So: Each list of GO IDs is derived from a list of differentially expressed genes based on a particular expression pattern. So, for example we have stressor A with three levels 1, 2, 3. This will give us 6 simple patterns:

Pattern 1: genes with the same expression (-) in 1A, 1B and 1C

i.e.

1A -

1B -

1C -

Pattern 2: genes with different (up or down) expression (+) in 1A, but the same expression in 1B & 1C i.e.

1A +

1B -

1C -

etc... Each pattern is associated with a list of genes and many of those genes have been associated with one or more GO IDs. Given that many genes have similar function there will be both repeated GO IDs (if the gene is involved in the same pathway or function) and GO IDs that are closely related i.e. parent-child.

I have extracted the GO IDs associated for each of the genes in each of the patterns to give:

(1) lists of GO IDs - these contain all of the GO IDs associated with all of the genes in the specific list. There can be (and are) multiple identical GO IDs in each list.
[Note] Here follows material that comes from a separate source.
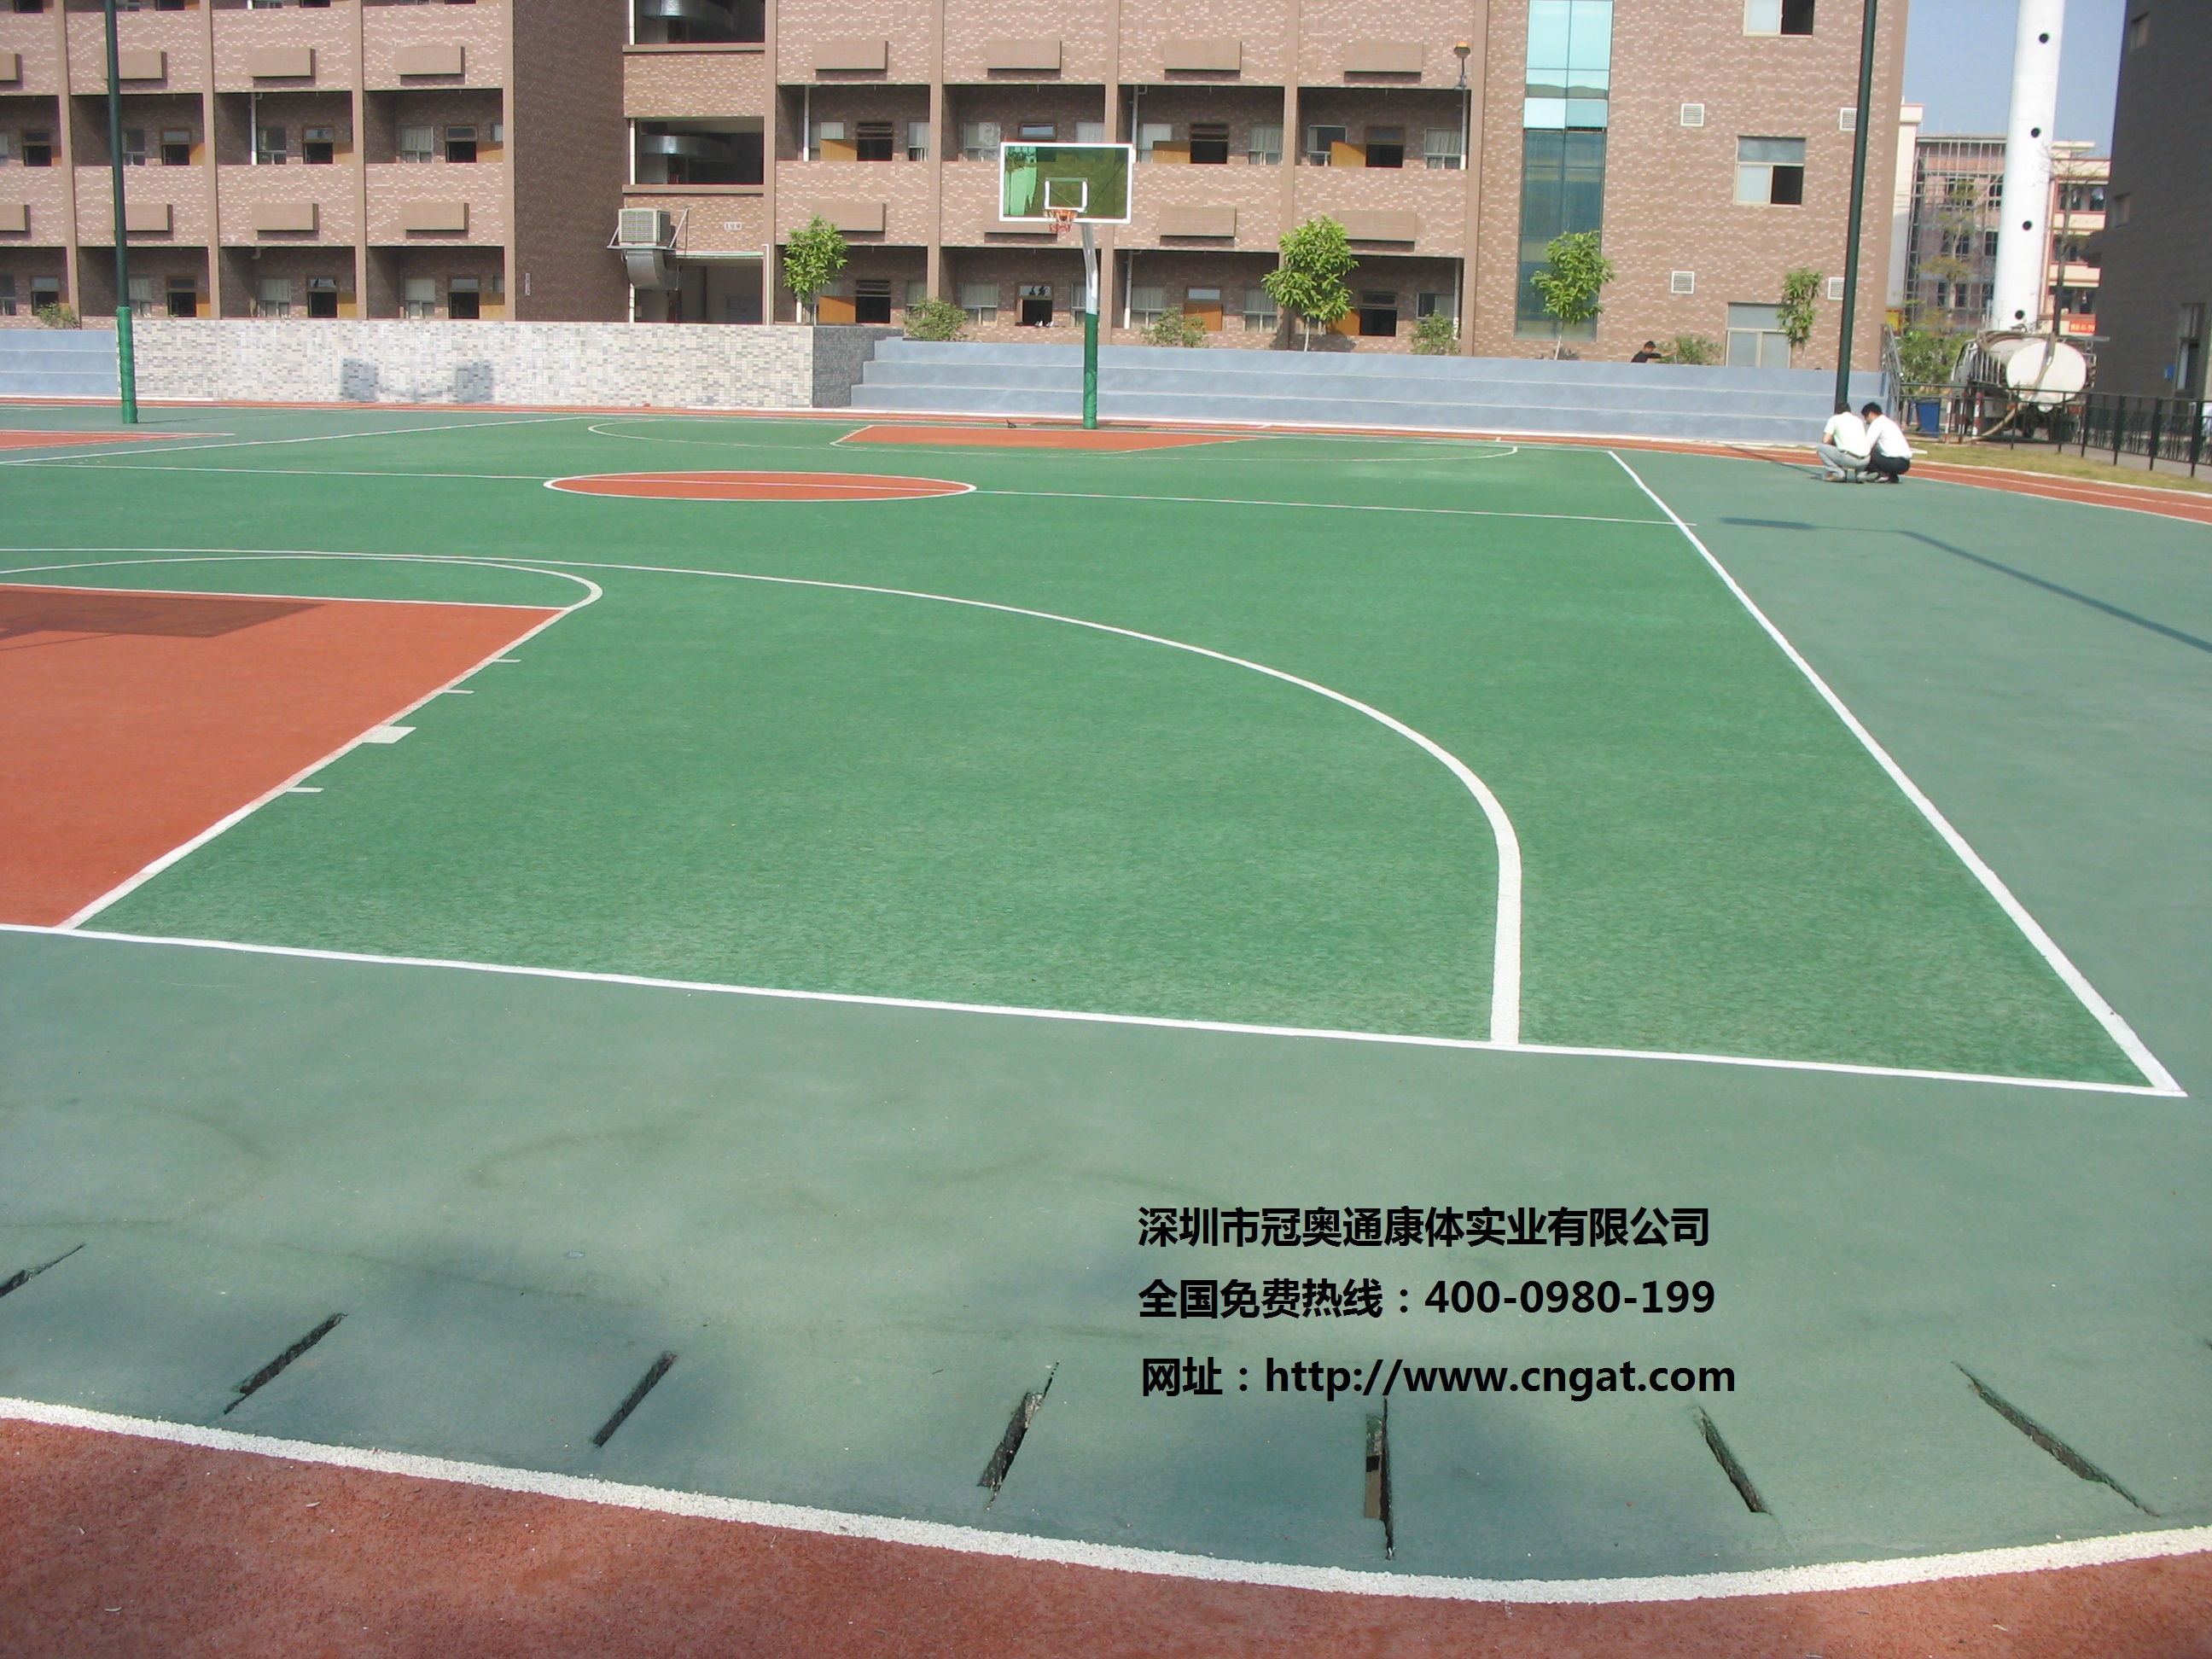 丙烯酸材料做为篮球场地的性能优势

Thus, for example, in a particular pattern the GO ID GO:0006813 is present five times while in the reference list it is present 65 times.

(2) The reference list containing the list of all the GO IDs in the annotated reference database (with repeated GO IDs representing the frequency in which they are found in the original annotations).

It would be relatively easy to look at relative enrichment of just the GO IDs given that their frequencies are there (count the relative number of each ID in each list compared to the relative number in the reference) but, as you say, that will not use any of the parent-child information nor will it cluster related GOs.

So, what I have is: lists of GO IDs that contain frequency information in the number of times a particular GO is repeated in the list, a reference list of GO IDs(also with implicit frequency information). I would like to know what processes are over (or underrepresented) in each, for example - is there an over representation of the "response to unfolded protein" pathway/term in any particular pattern. I.e. cluster the GO IDs in each list based on shared properties (i.e. process, location, etc.) and see if those clusters are enriched or not.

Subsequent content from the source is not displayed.